* _DATA_:
*****
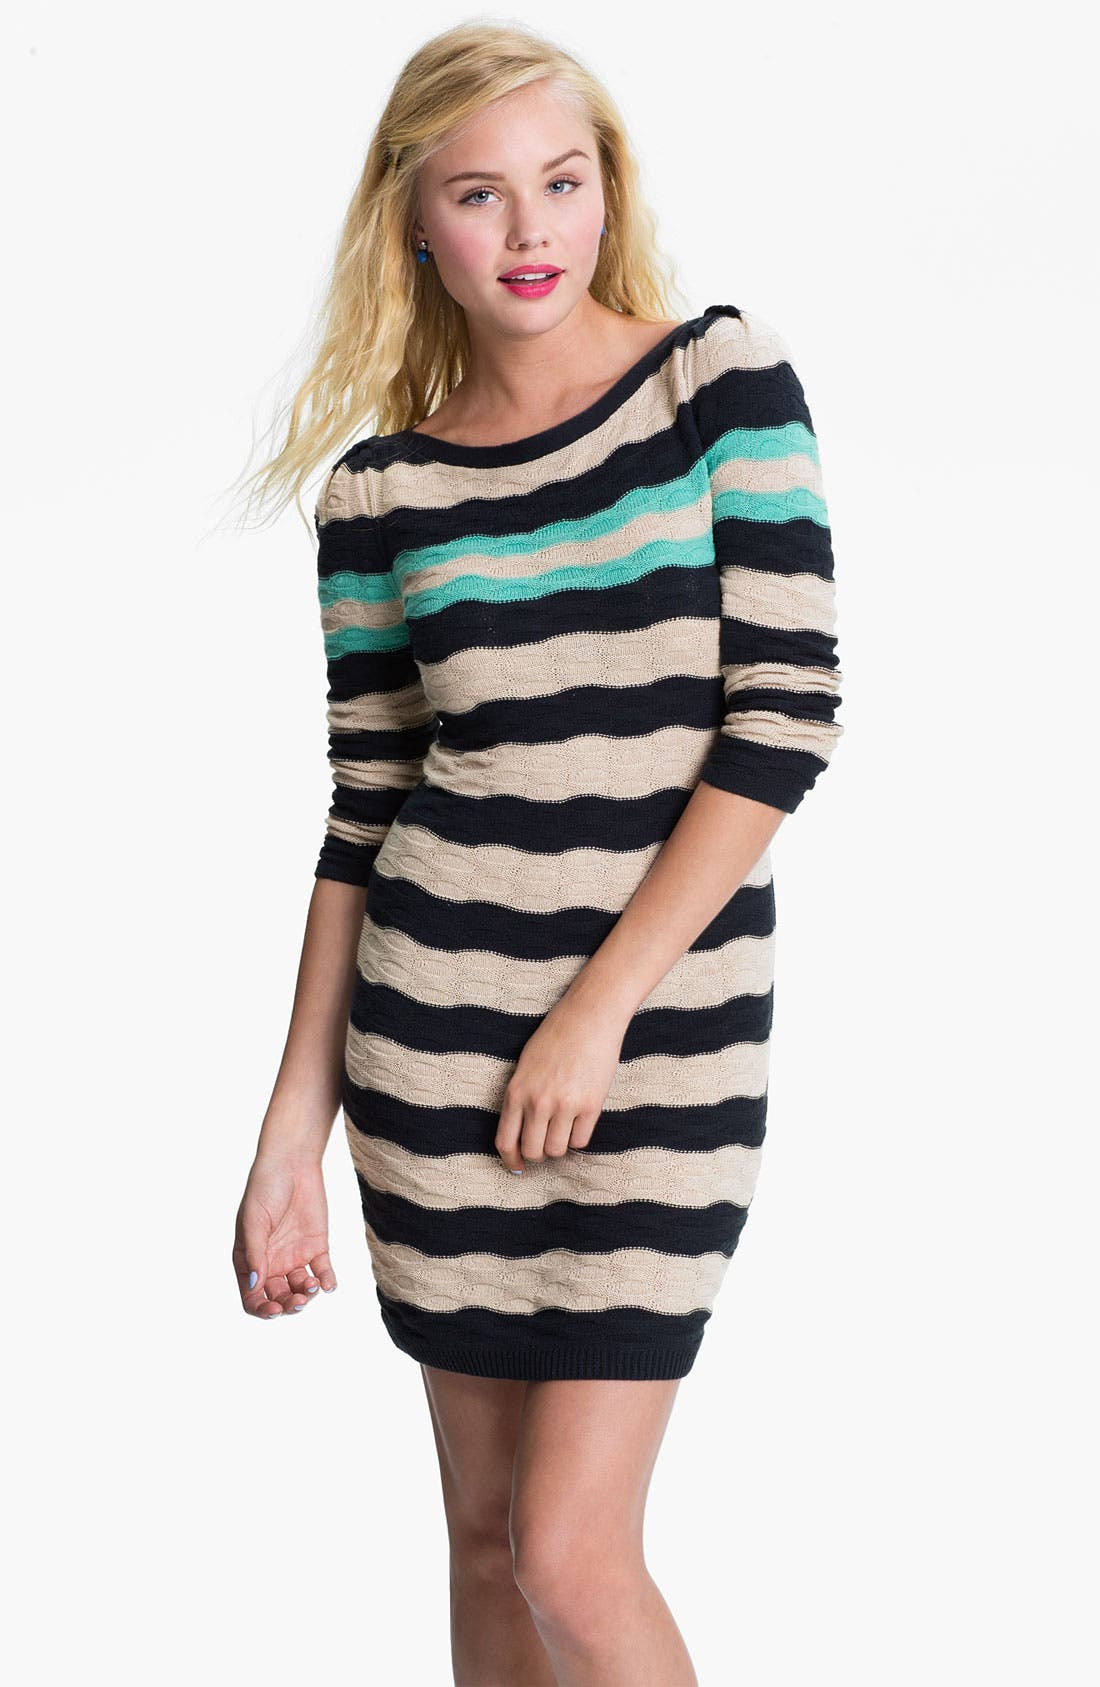 Alternate Image 1 Selected - BP. Texture Knit Sweater Dress (Juniors)
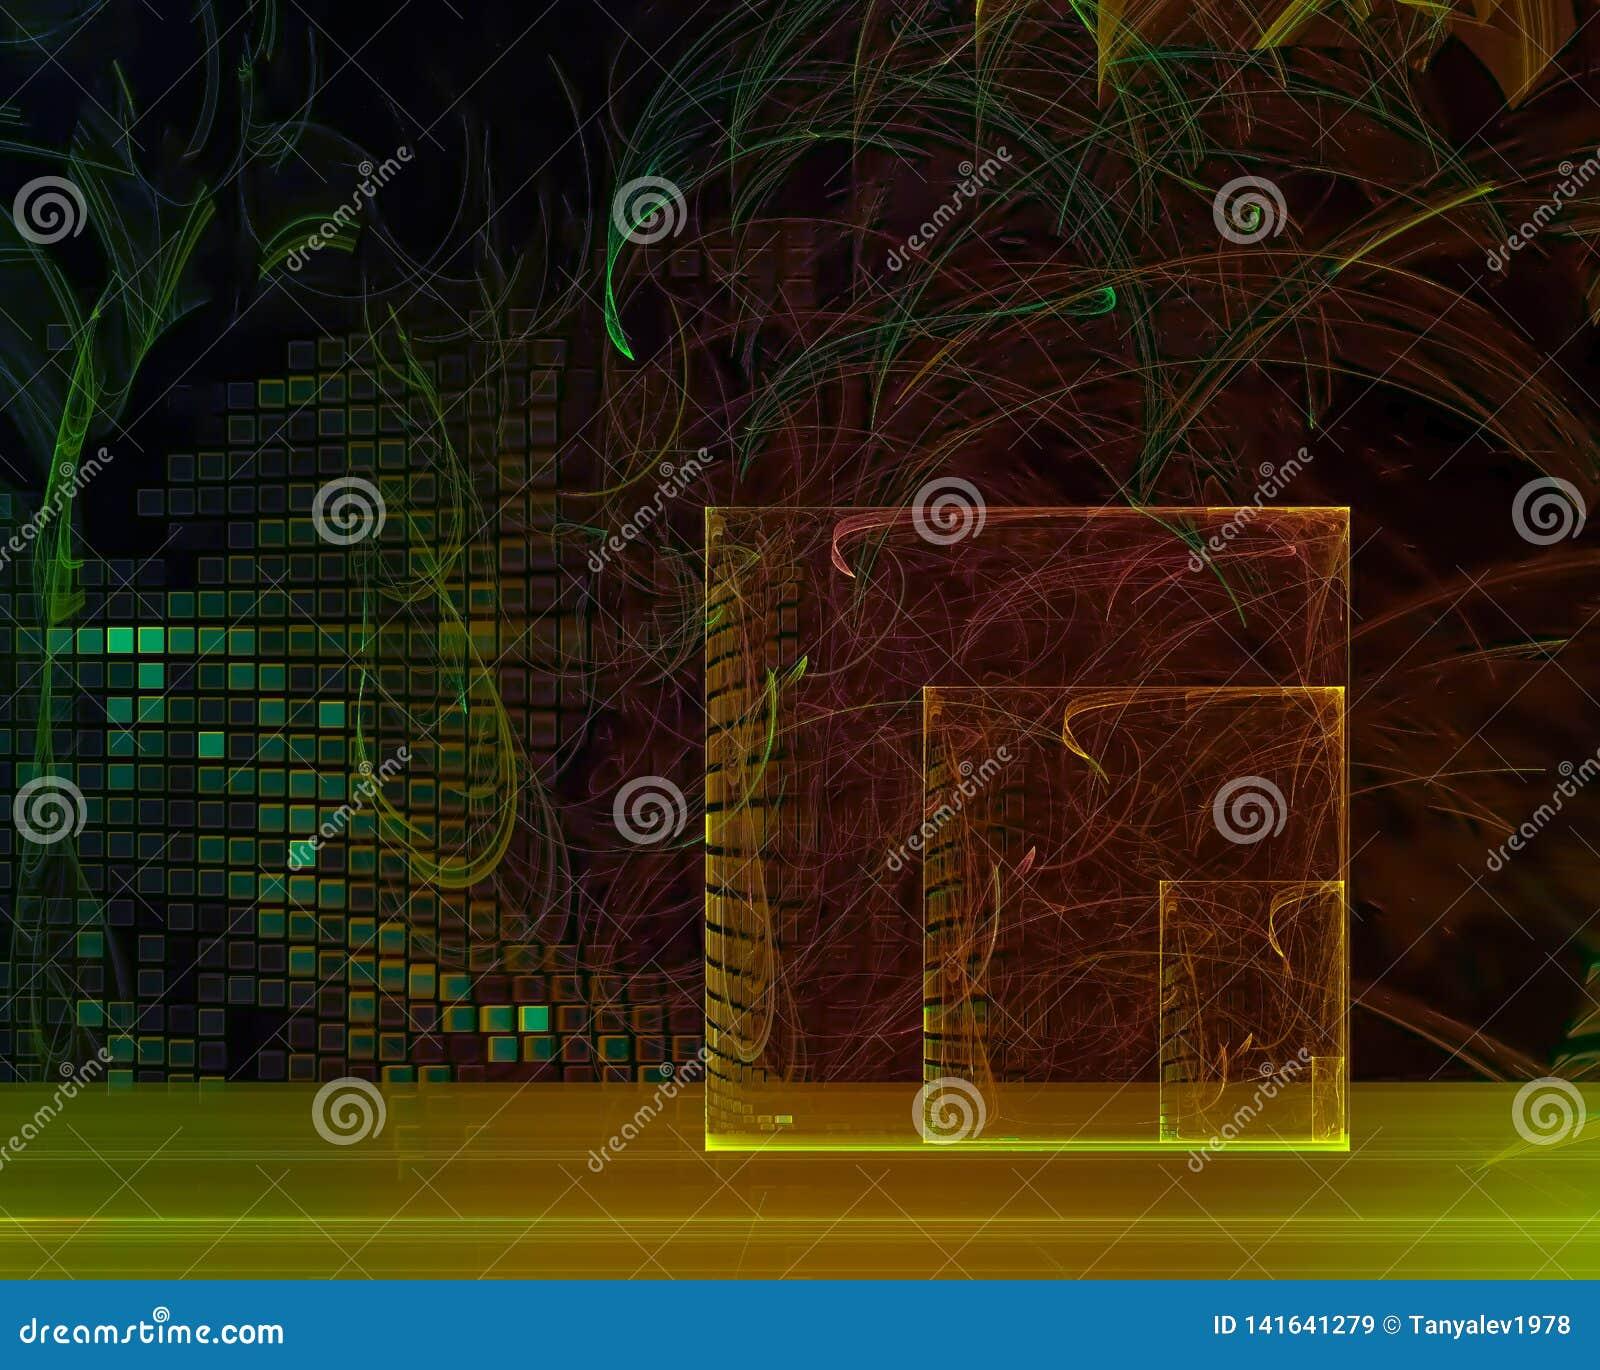 Abstract digital template fractal fantasy creative, artistic, elegance, dynamic
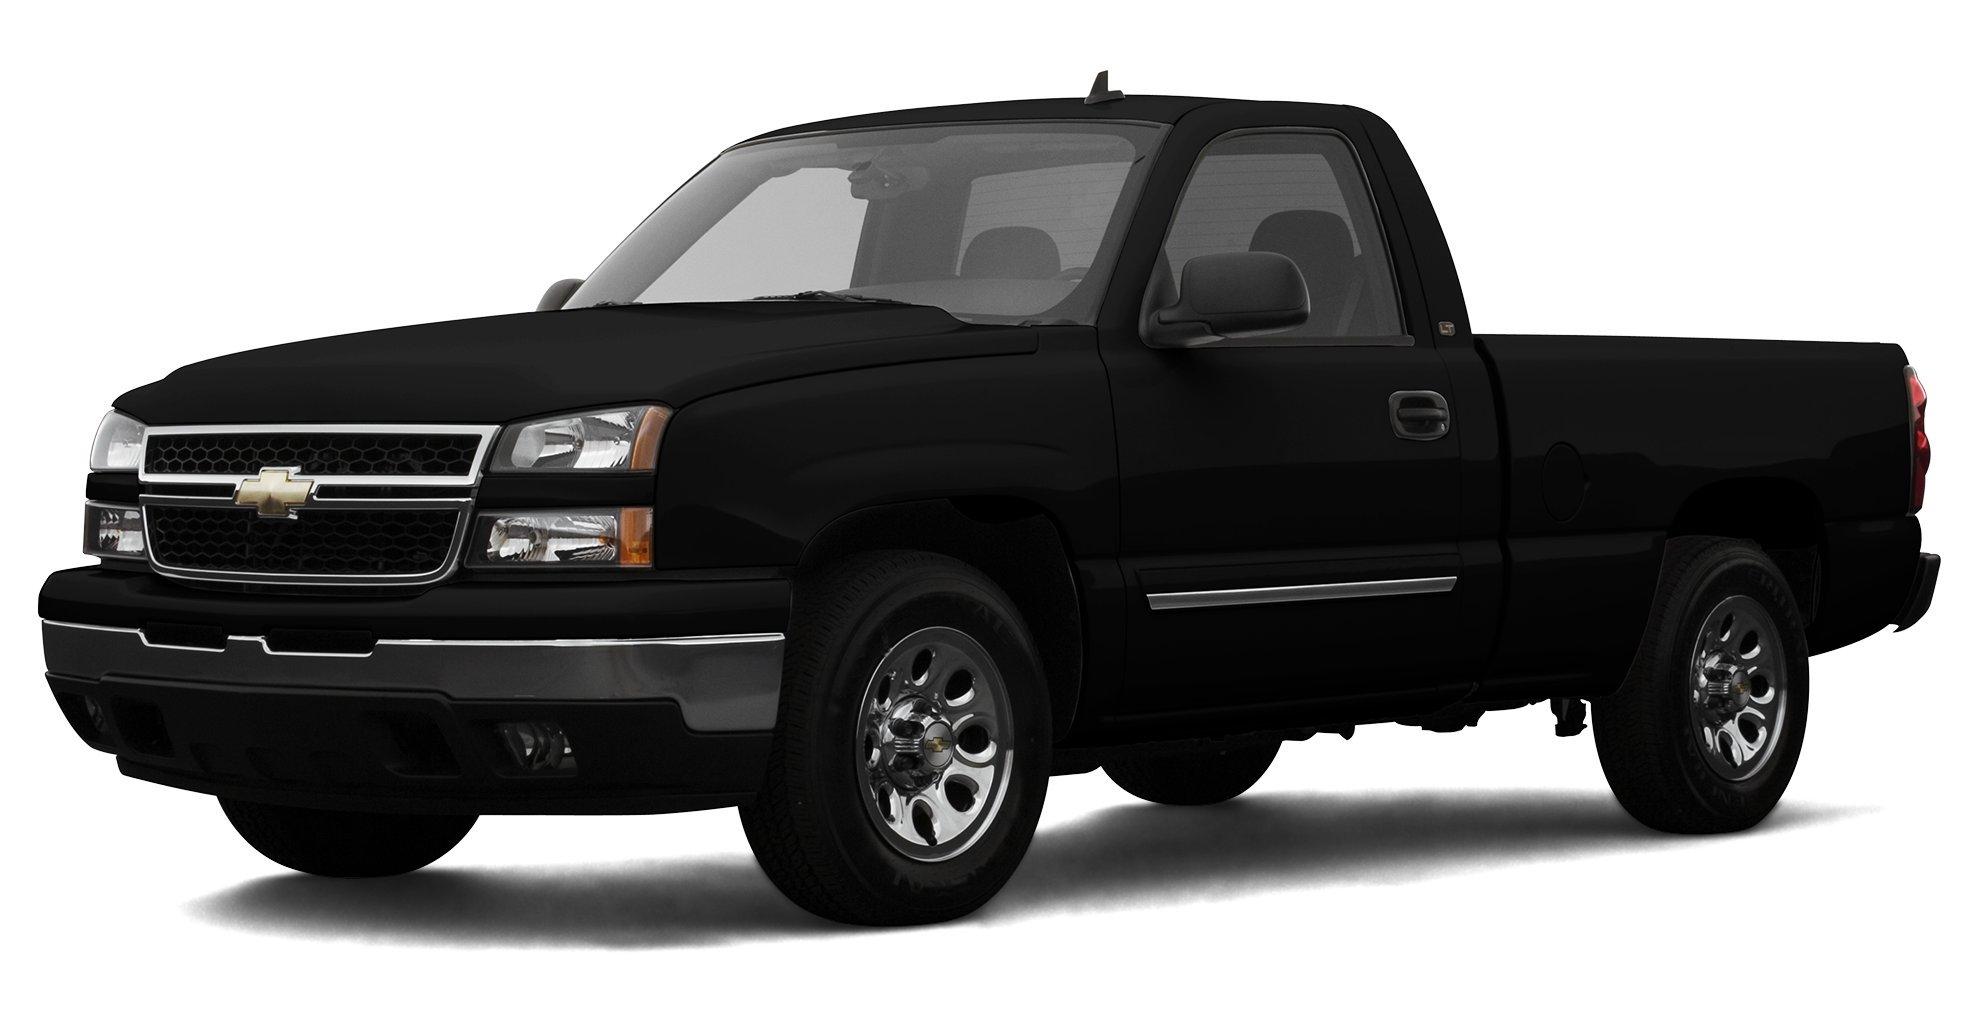 Amazon 2007 Mazda B2300 Reviews and Specs Vehicles
*****
* _TASK TO COMPLETE_: Retype all of the listing word for word and skip the pictures.

* _ANSWER TO THIS PROBLEM_:
 Alternate Image 1 Selected - BP. Texture Knit Sweater Dress (Juniors)
 Abstract digital template fractal fantasy creative, artistic, elegance, dynamic
 Amazon 2007 Mazda B2300 Reviews and Specs Vehicles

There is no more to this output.